WORK TASK: With the pictures omitted, write out all of the listing exactly.

DATA:
-- Opening Marker --

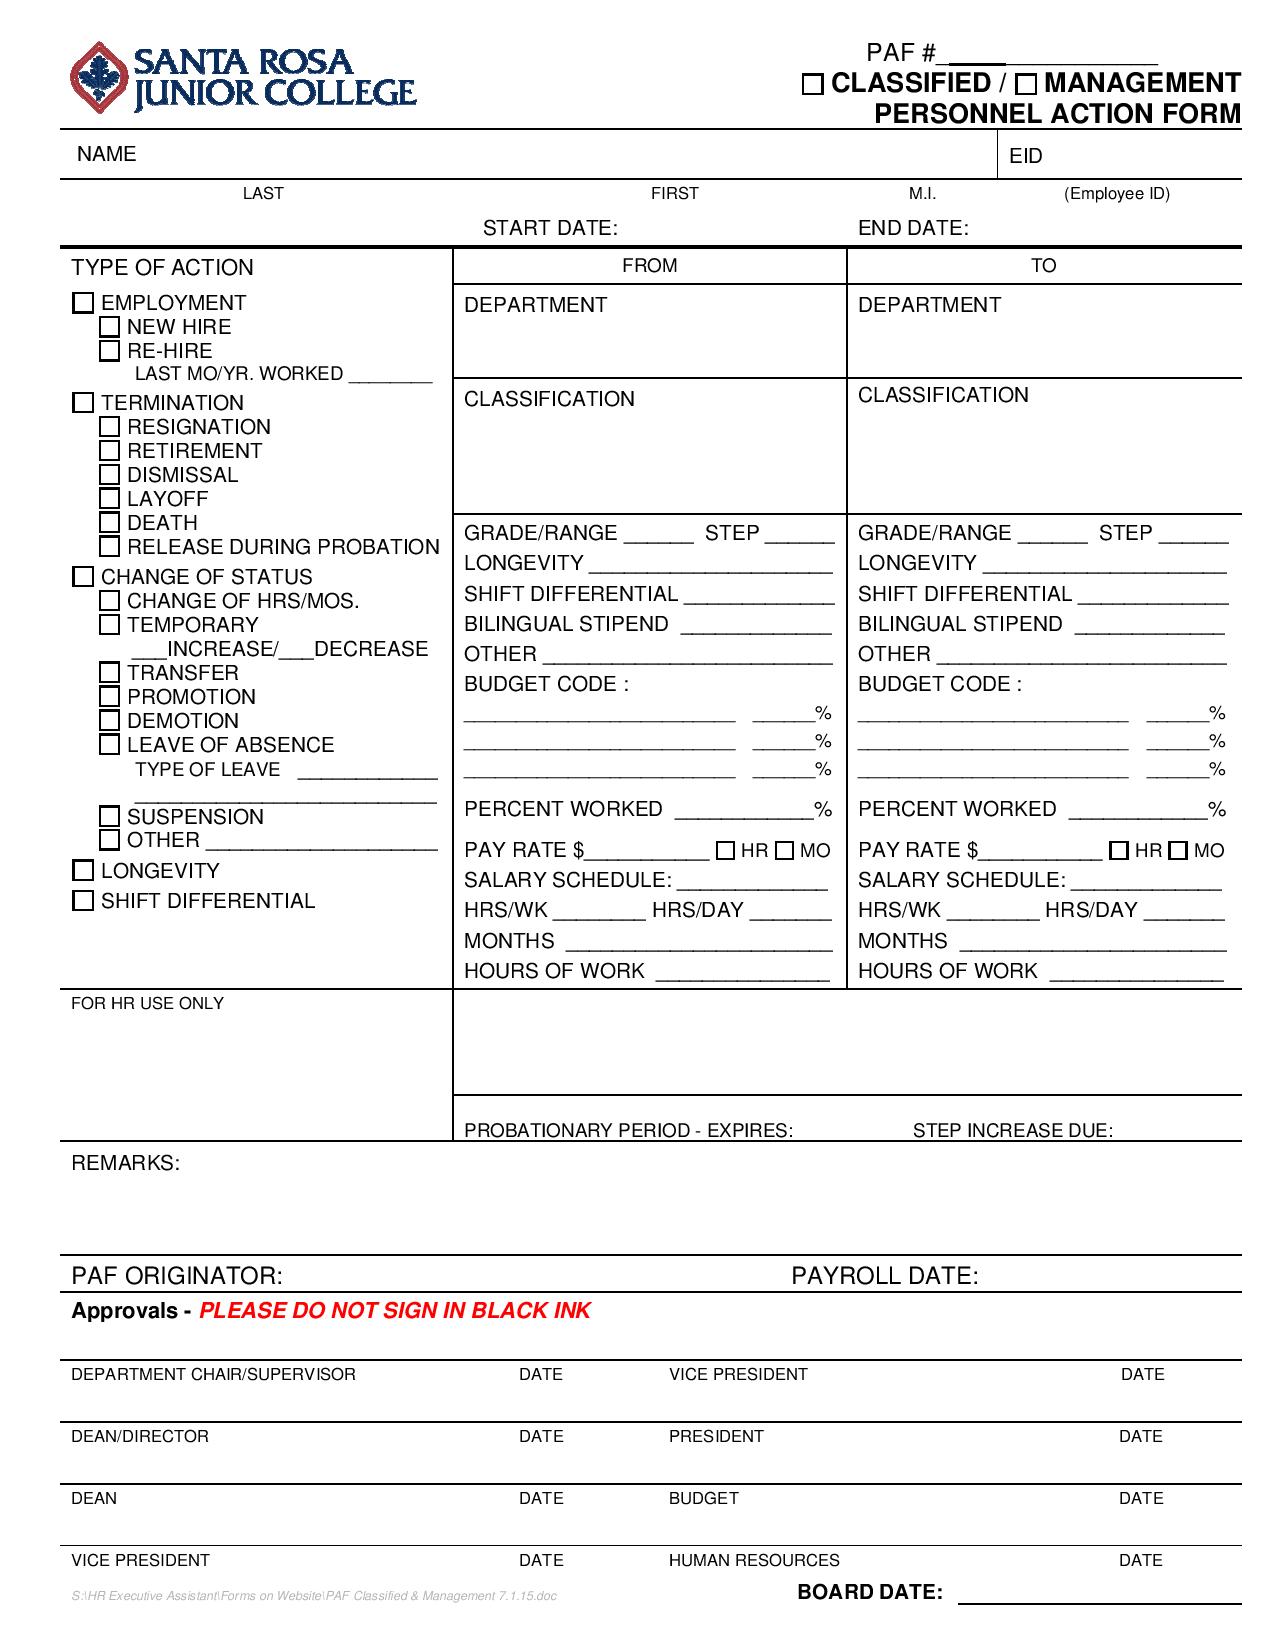 classified or management personnel action form page 001
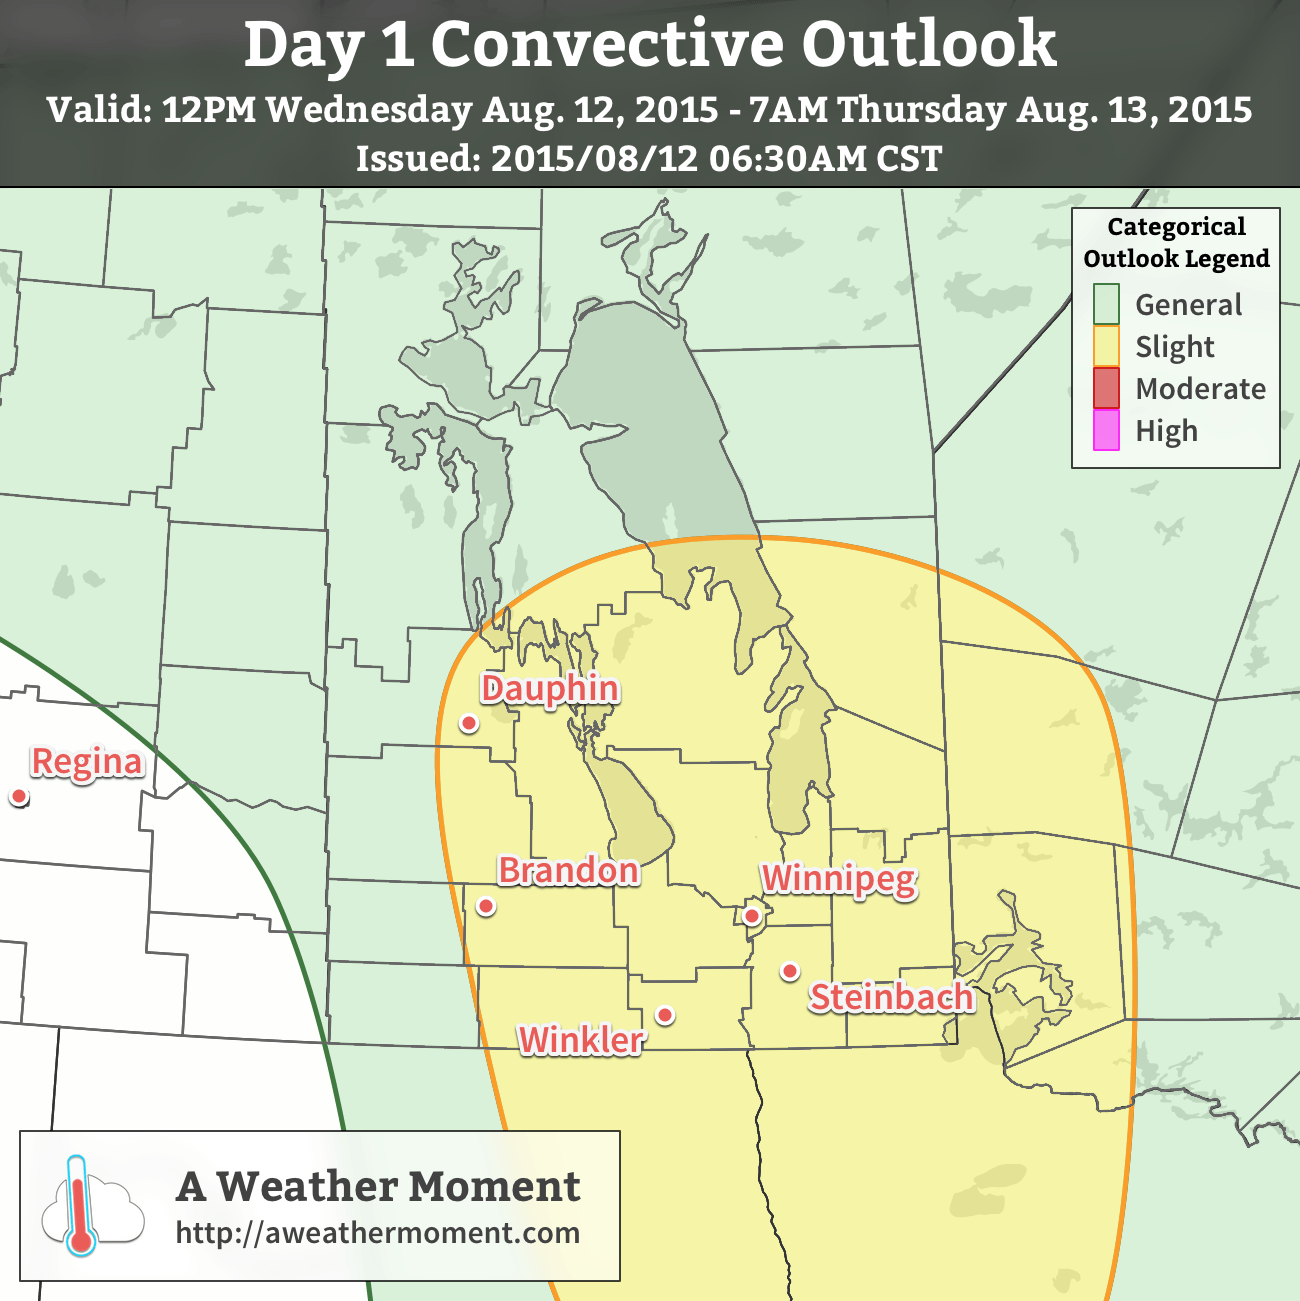 AWM Day 1 Convective Outlook for August 12, 2015
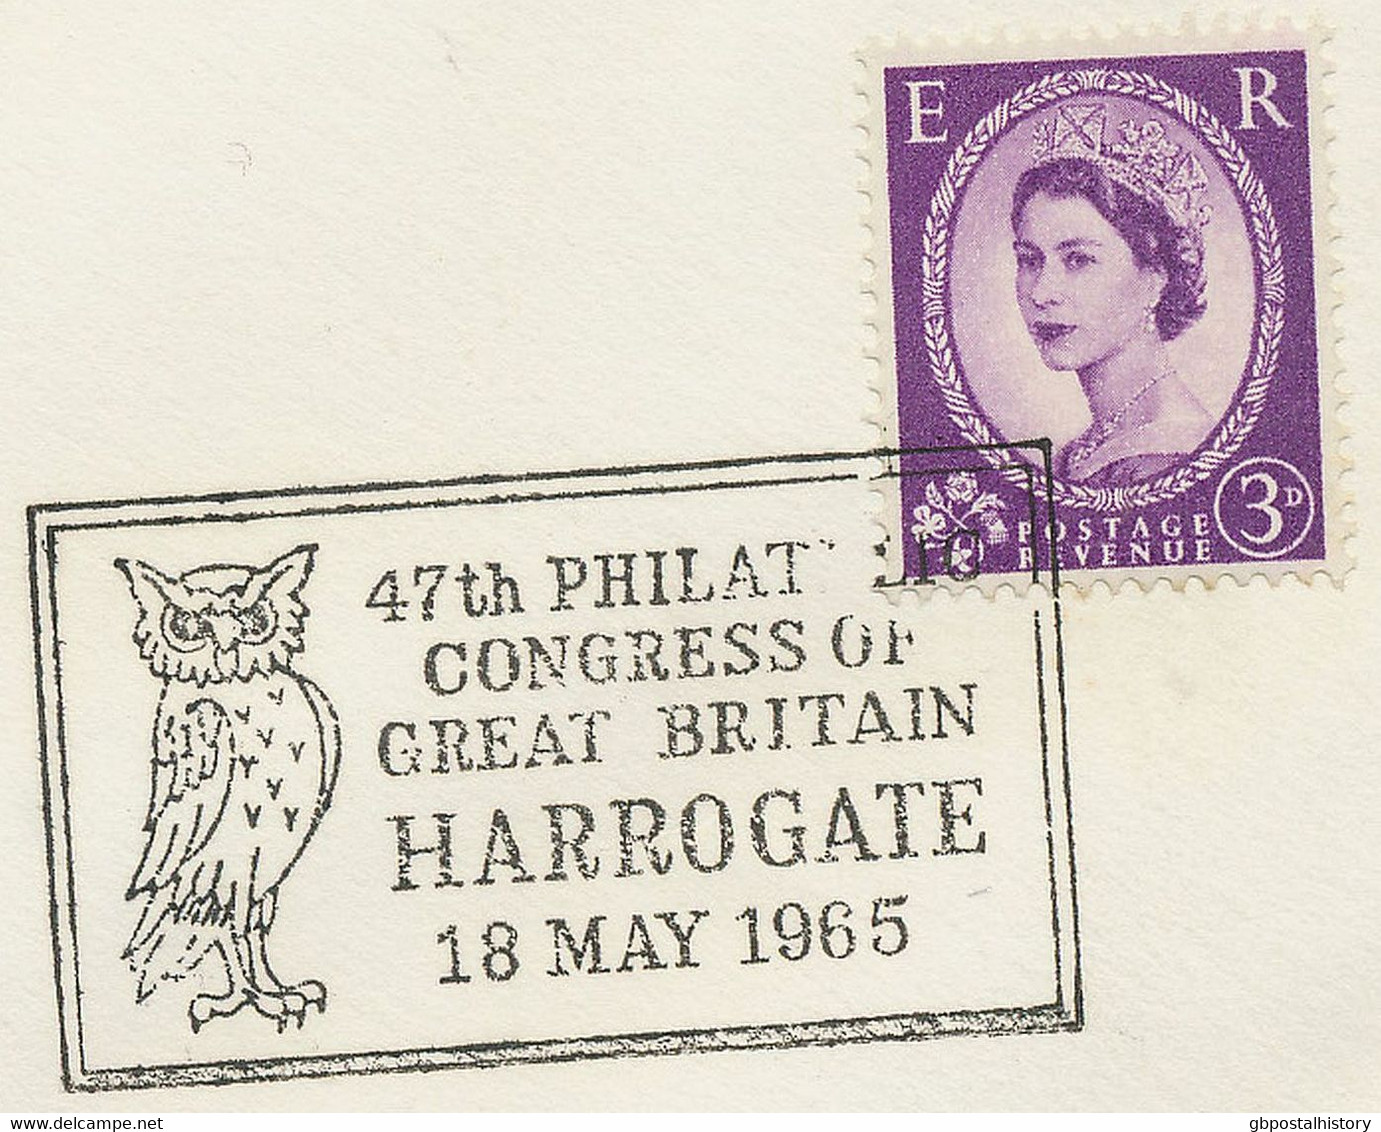 GB SPECIAL EVENT POSTMARK 1965 46TH PHILATELIC CONGRESS OF GREAT BRITAIN HARROGATE - Covers & Documents

-- Closing Marker --

SOLUTION TO THIS PROBLEM:
 classified or management personnel action form page 001
 AWM Day 1 Convective Outlook for August 12, 2015
 GB SPECIAL EVENT POSTMARK 1965 46TH PHILATELIC CONGRESS OF GREAT BRITAIN HARROGATE - Covers & Documents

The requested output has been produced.